» PROVIDED MATERIAL:

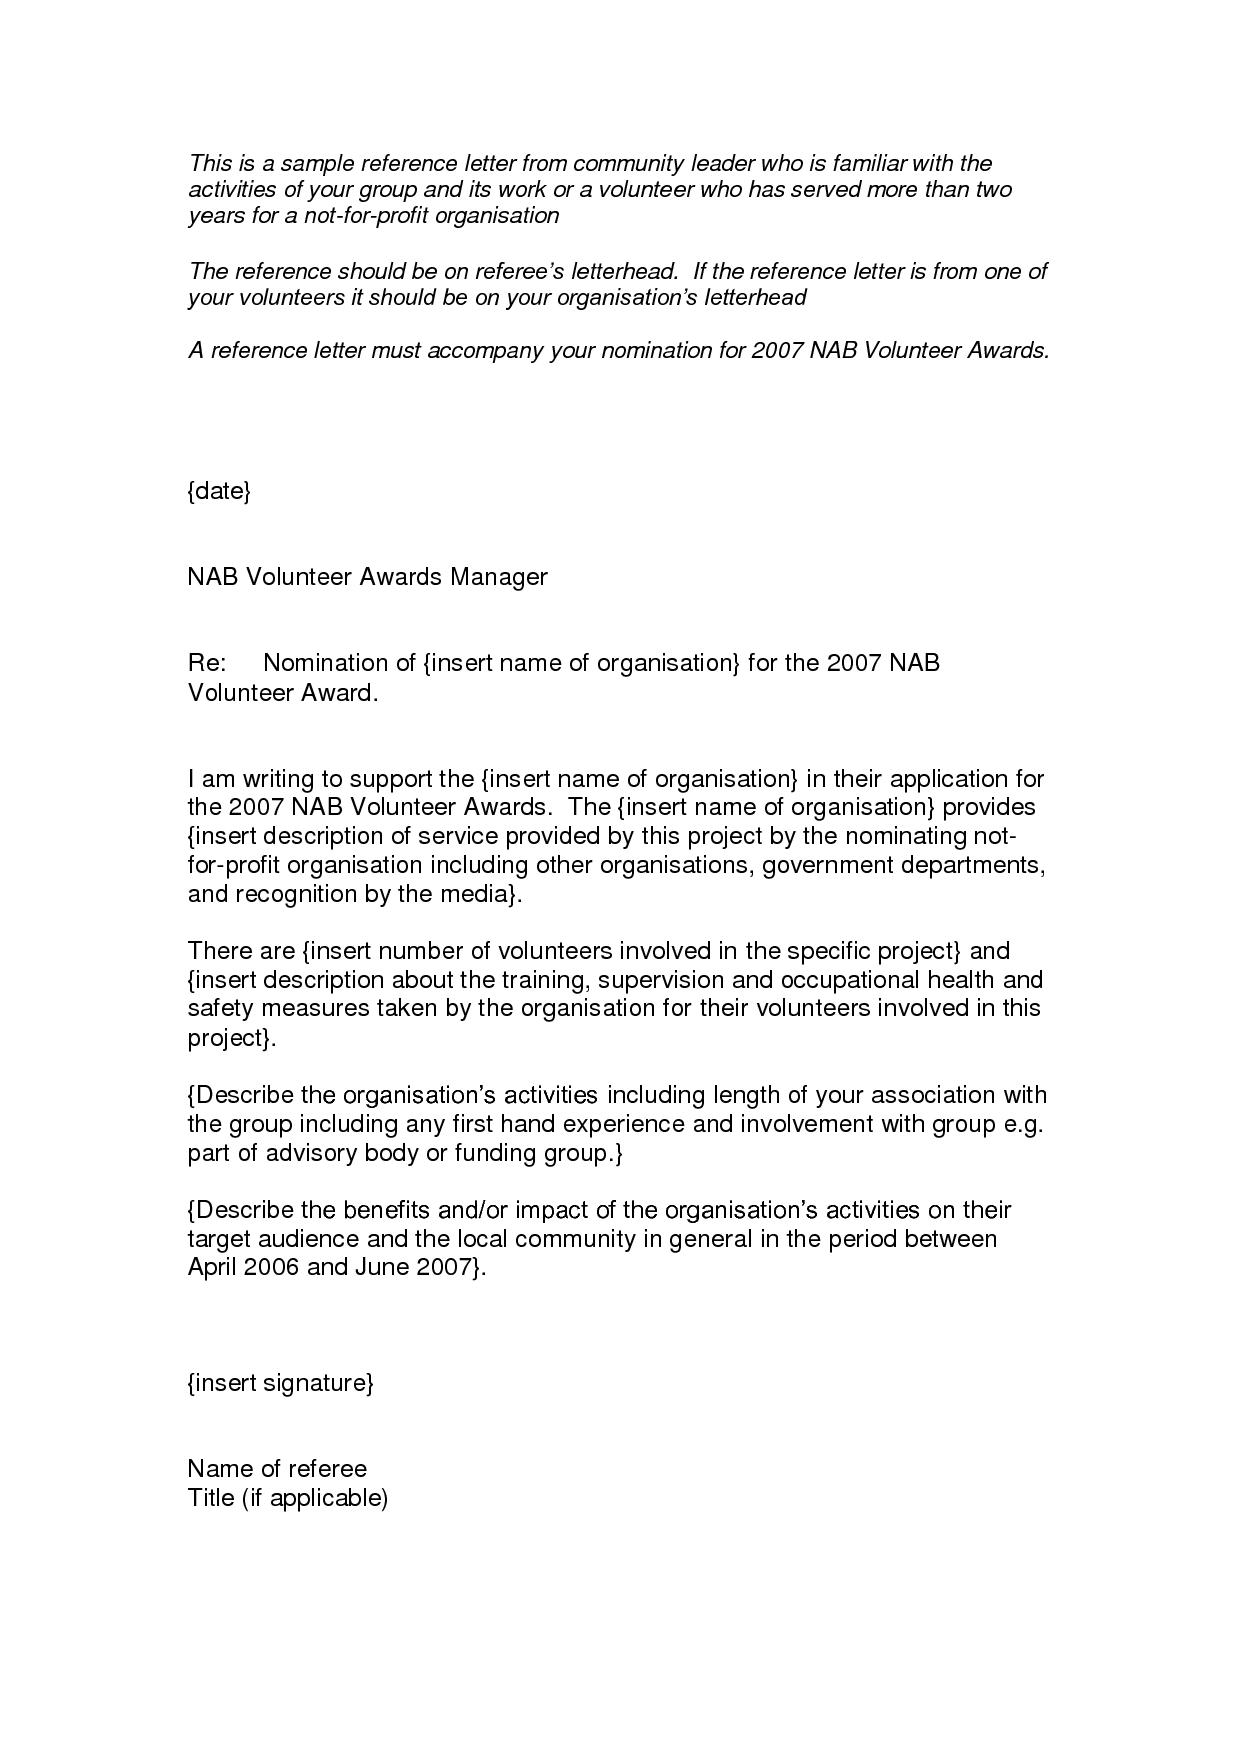 Volunteer Service Award Letters Nomination Letter Acceptance
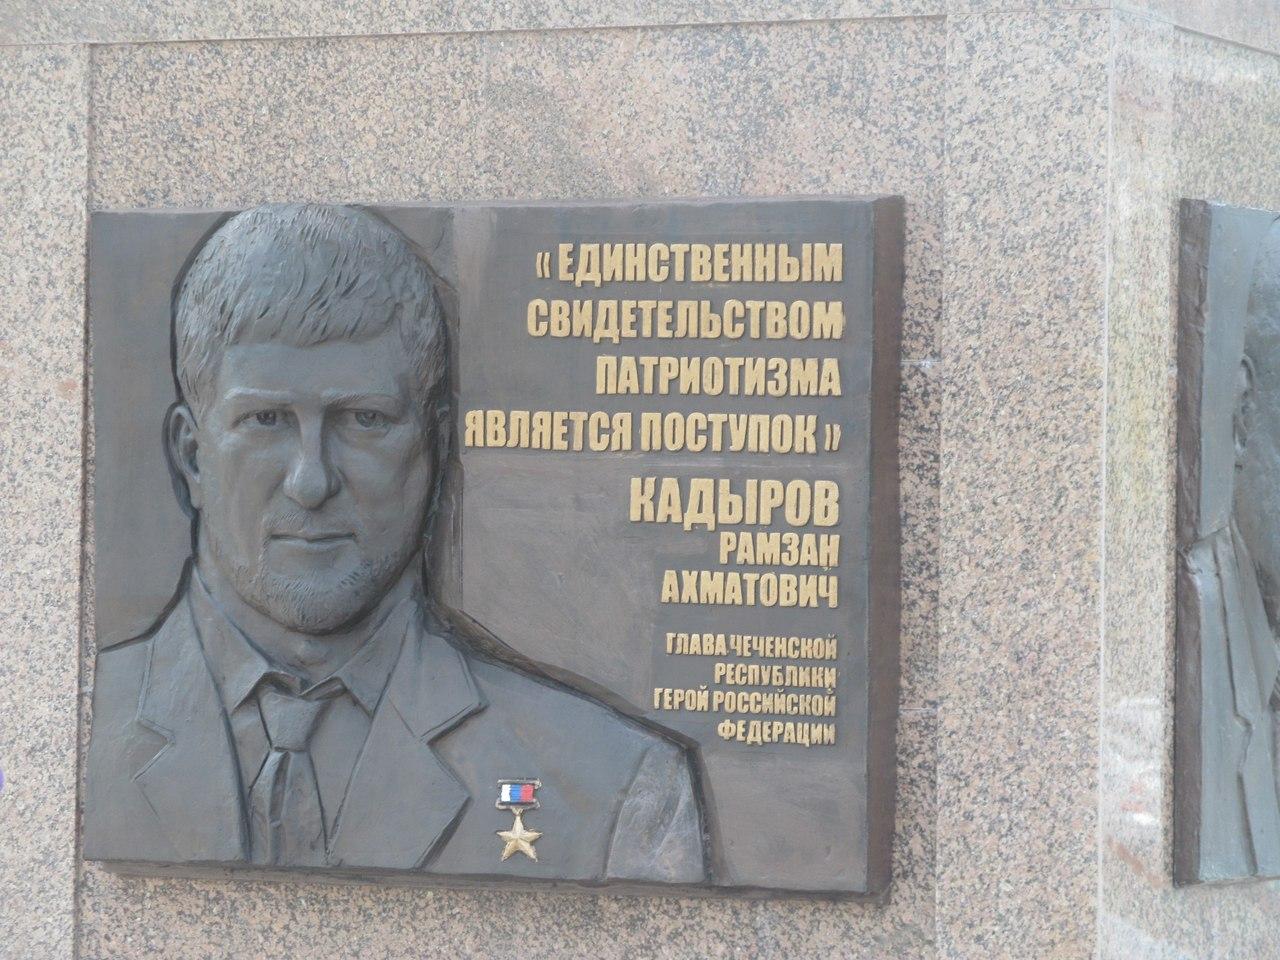 Как считаете, похожий рельефный портрет главы Чечни получился? Авторы очень старались
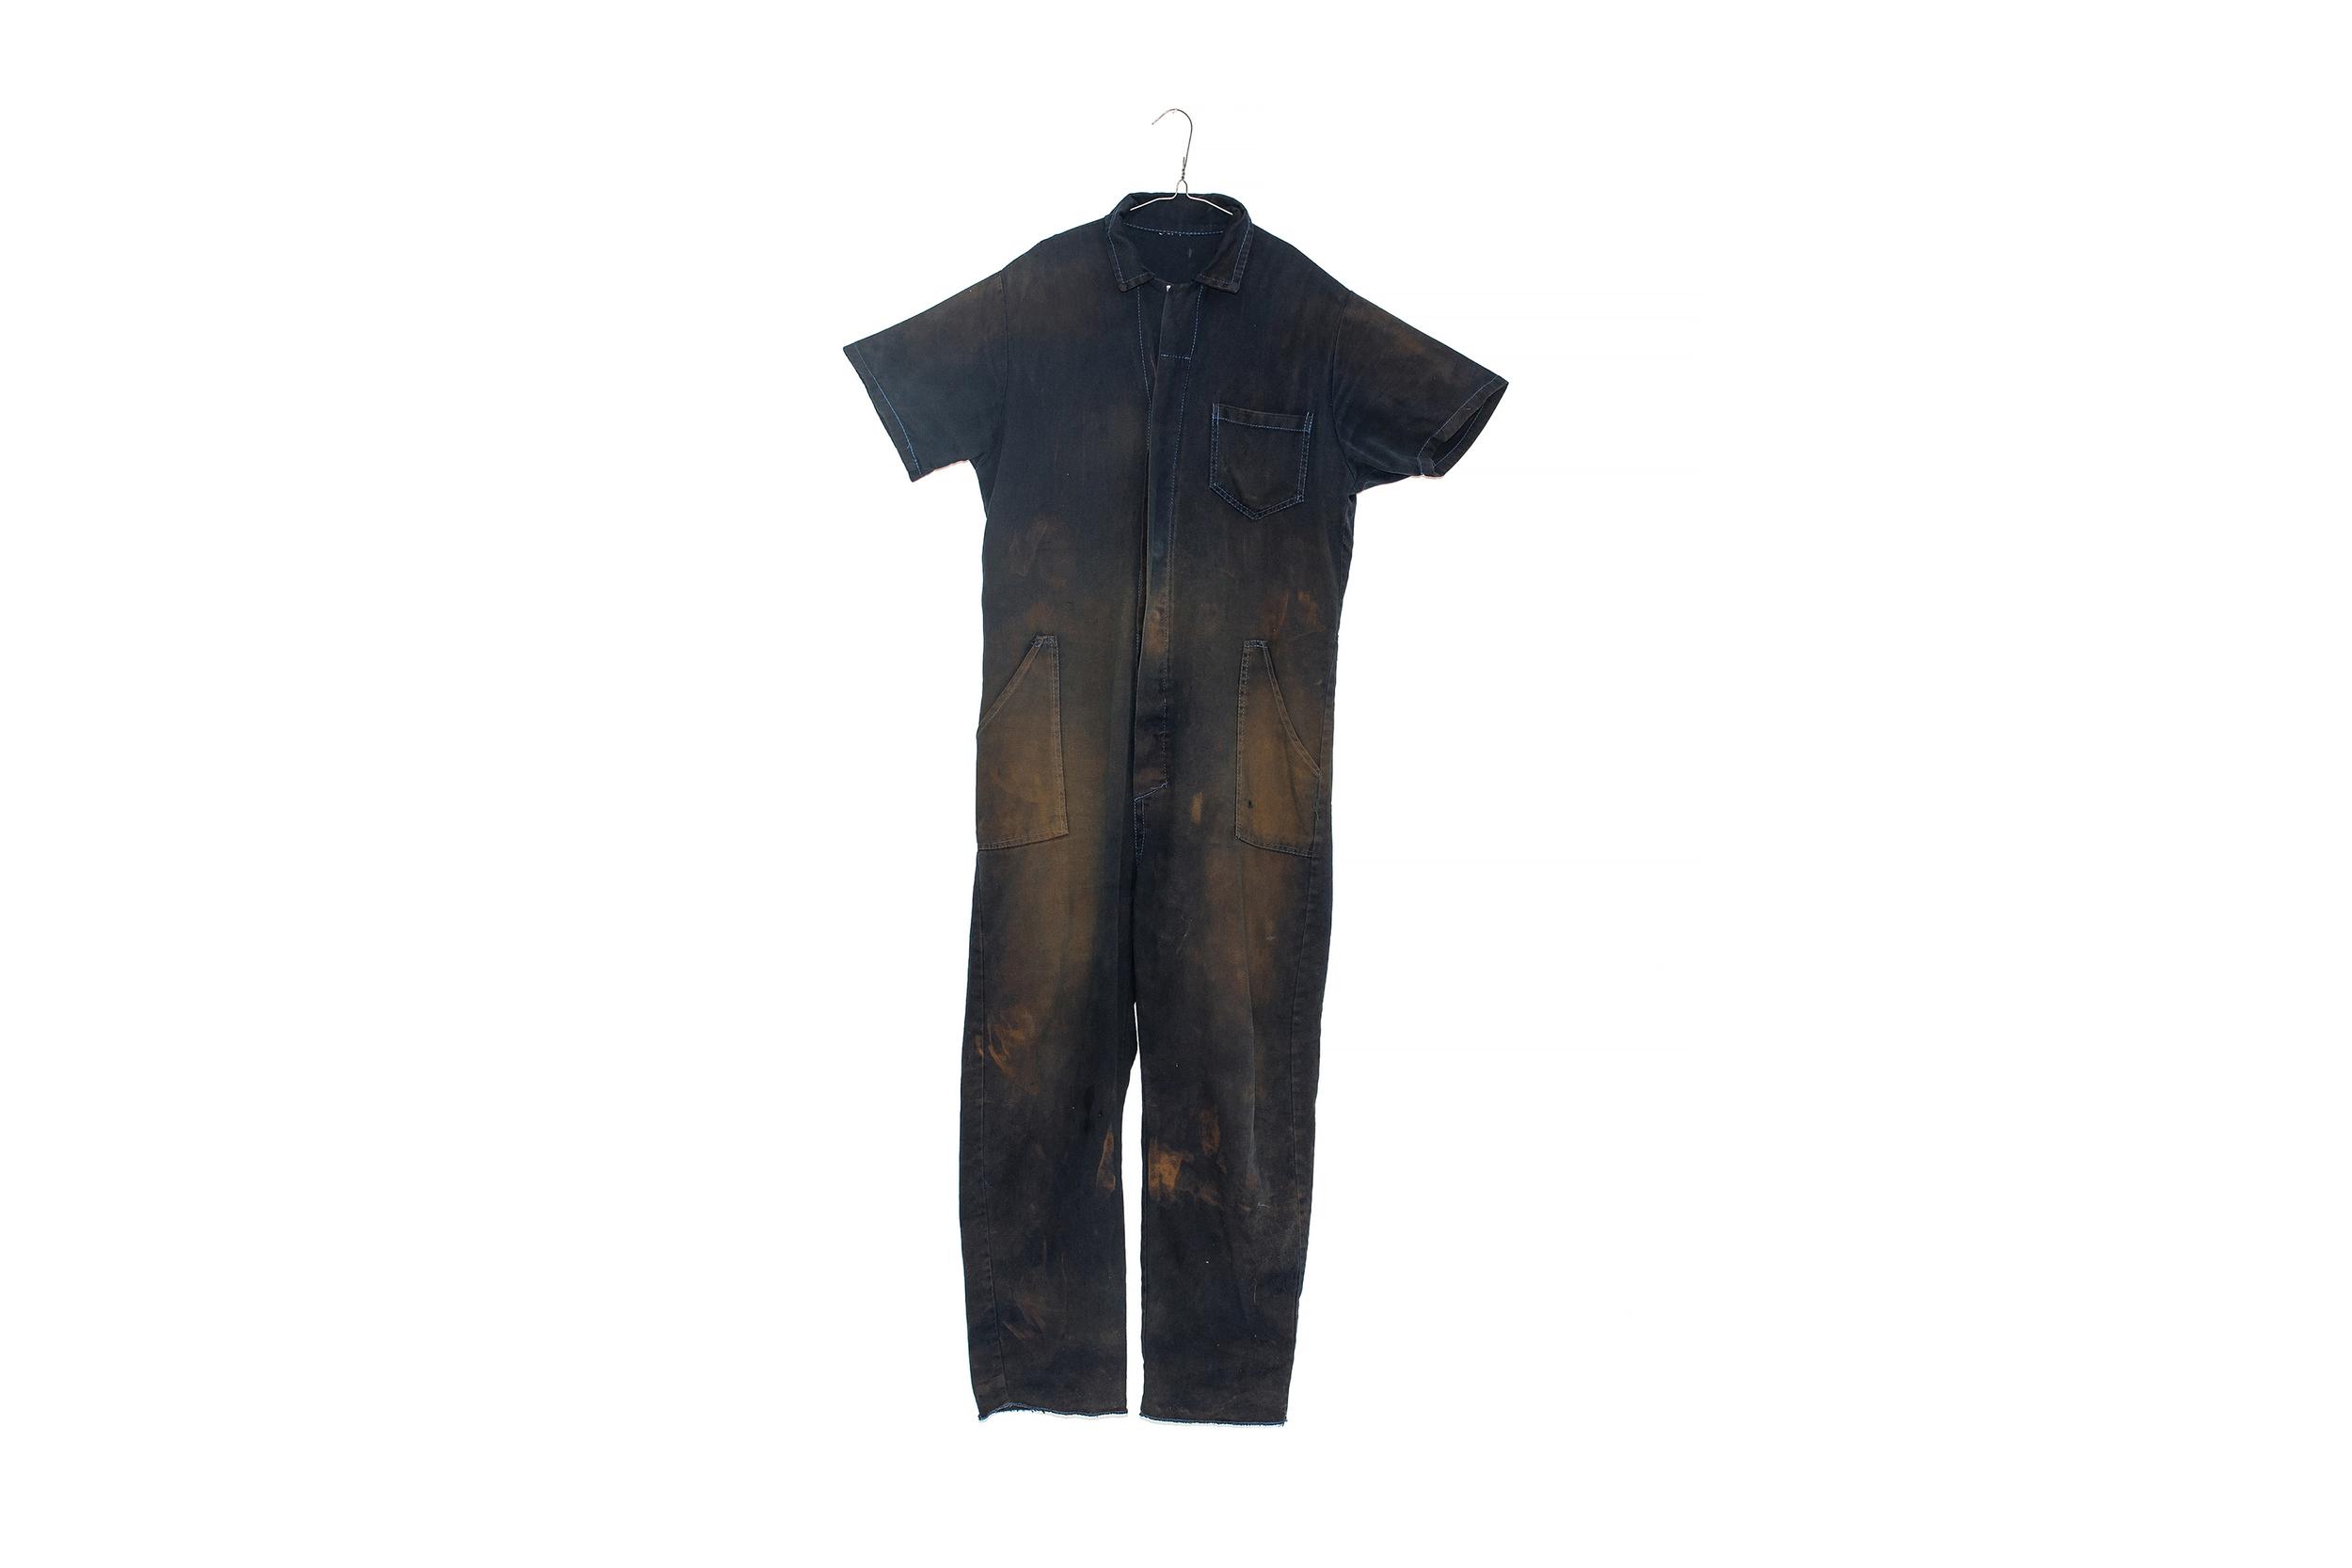 TerraComunal_Clothes-1.jpg

» ACTIVITY:
The pictures are not wanted, but every line of the listing should be duplicated exactly.

» ANSWER SPACE:
 Volunteer Service Award Letters Nomination Letter Acceptance
 Как считаете, похожий рельефный портрет главы Чечни получился? Авторы очень старались
 TerraComunal_Clothes-1.jpg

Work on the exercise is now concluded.